True, thought I, as I entered the front door of the first hotel in this great metropolis, the largest in America, and looked through the splendid marble hall, two hundred feet long, lighted by glittering chandeliers, into the immense drinking saloon of that fashionable place of resort; and I said to myself, "some of these fine forms of men, clothed in fine linen and rich broad cloth, may some day fall as low as thee, poor Jim Reagan. You began your course in just such a genteel drinking room."

"Yes," says he, "and the first drink I ever took in one, for I was brought up a temperance boy, I was dragged up by the strength of two companions, and held while the bar-keeper baptised me, as he called it, by pouring the liquor down my throat, over my head, and saturating my clothes till the smell made me sick, and then they gave me more to settle it. 'A hair of the same dog,' said they, 'will cure the bite.' Bite it was. No mad dog's bite ever caused more sin and sorrow than that bite did me. We cry, 'mad dog,' and kill the poor brute; the worse than brute we 'license' to live."

Thus he would sit and talk by the hour. "If I can only keep out of the way of the tempters," said he, "I never shall drink again."

He was now accumulating money; he always came home to sleep, "for," says he, "I feel, as sure as I enter this door, that I am safe."

It was determined, as soon as Maggie came again, that they would go to keeping house. "If that blessed child was only with me," said the father, as the tears rolled down his furrowed cheeks, "I should feel as though I had a shield--through which none of these traffickers in human souls could reach me.

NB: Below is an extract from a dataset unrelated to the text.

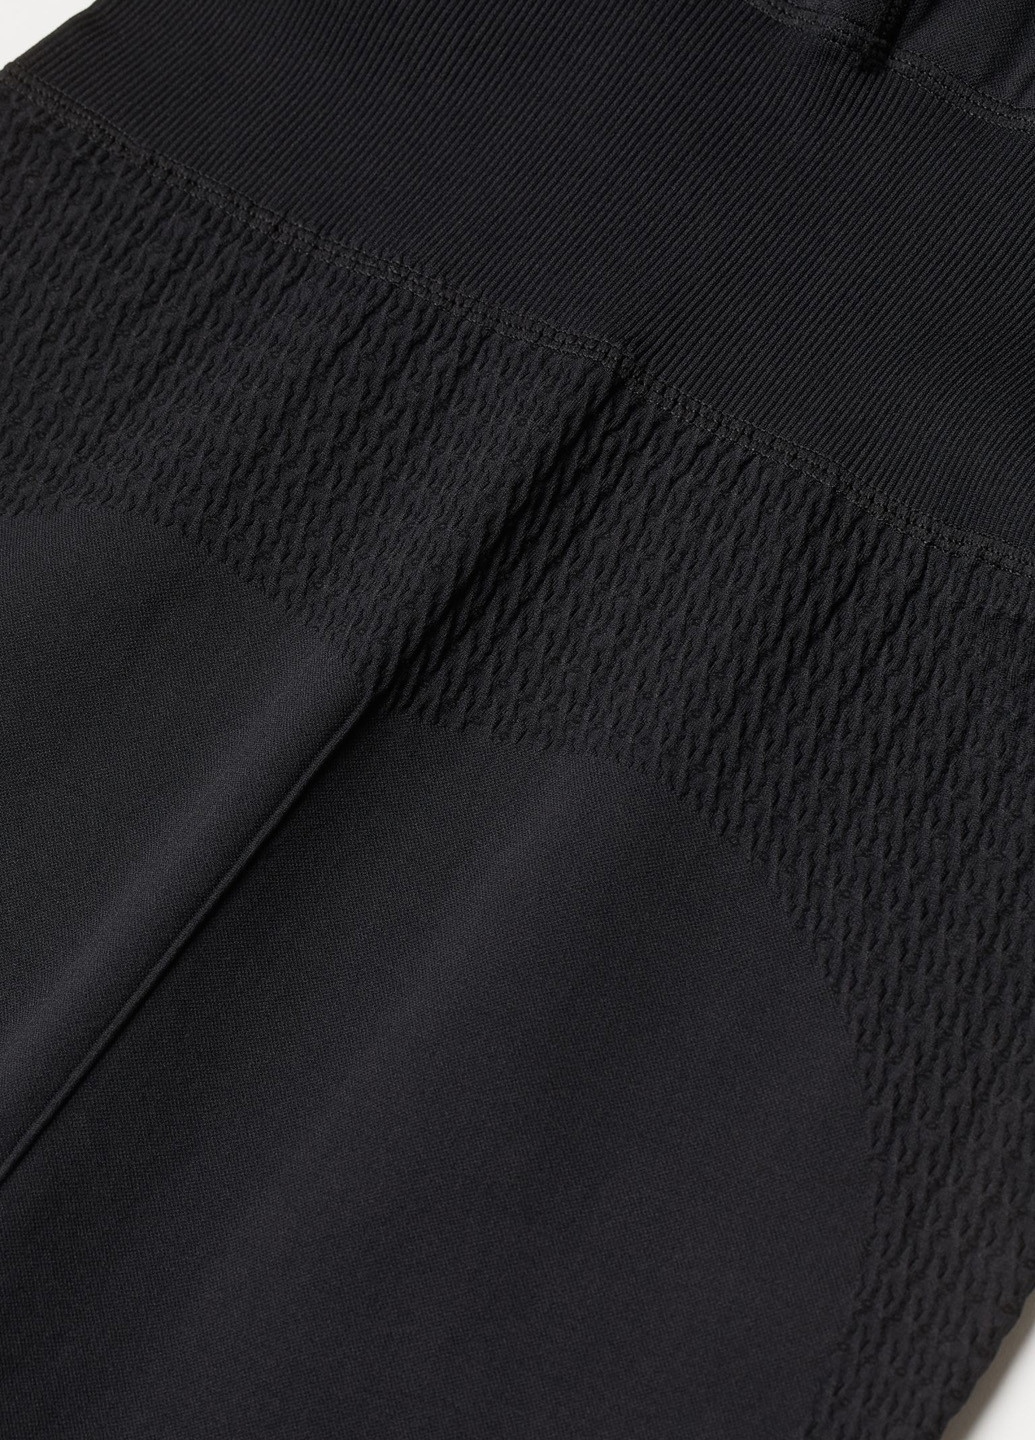 Комбинезон H&M комбинезон-брюки однотонный чёрный спортивный полиамид, трикотаж

My wife is like an aged counsellor, there is wisdom in her every word, but she cannot go out through the streets, leaning upon my arm, still full of manly strength, like Maggie, while I lean upon her still greater strength--the strength and might of a strong mind."

"Here is a letter from our dear child," said Mrs. Reagan to her husband, one evening as he came in from work. "Sit down and read it aloud, for some how, my old eyes get dim every time I try; I cannot imagine what is the matter with them."

I can. They were full of tears. Strange, that we shed bitter and sweet water from the same fountain.

Reagan put on his spectacles, took the letter, looked at the first words, took them off, wiped the glasses, looked again, repeated the operation, laid both letter and spectacles upon the table, got up and walked the room back and forth, then he tried to speak--to utter the first words of that letter; if he could get over that he could go on, but he could not, they stuck in his throat. At length he got them up--"Dear father and mother, I am coming home to kiss you both." Simple words! Common every-day words. But they were strong words, for they had overcome the strength of a strong man, and he fell upon his wife's neck and wept like a child.

"Such words to me--me who have kicked, and cuffed, and froze, and starved, and abused that child for years. Oh, God, preserve my life to make her ample amends for my wrongs and her love! Oh, God, preserve her life to make us both happy, and drop a tear at our grave!"

Prayer calms the spirit. Realization and acknowledgment of sin soothes the soul.

Reagan could now read the letter without difficulty. His spectacles did not need wiping again. It was dated,

"Near KATONA, Westchester County, New York.

"DEAR FATHER AND MOTHER:

"I am coming home to kiss you both. I don't know but I shall kiss Tom, for he has written me all about it--I know it all--I know how you was brought in, and how you took the pledge, and how you have kept it, and how industrious you have been, and how you have saved your money, and how you want to go to housekeeping again, and all about it--I know it all. Tom writes me every week. He is a good boy. Well, in two months I am coming down. You need not look for me before, and then, if you want me, I will come and live with you."

"If we want her! Did you ever hear the like? But, then, what is she to do? She is a big girl now, and must not be idle. I wish she had a trade. Every child ought to have a trade."

"Well, well, wife, let us have the balance of the letter."

"Yes, yes, go on; you need not mind what I say. Go on."

"Let me see; where was I? 'Come and live with you,' that's it."

"And now I must tell you such a piece of news--good news. Oh, it was a good thing I came up here. I have got a trade--a trade that will support us all when you get so you cannot work."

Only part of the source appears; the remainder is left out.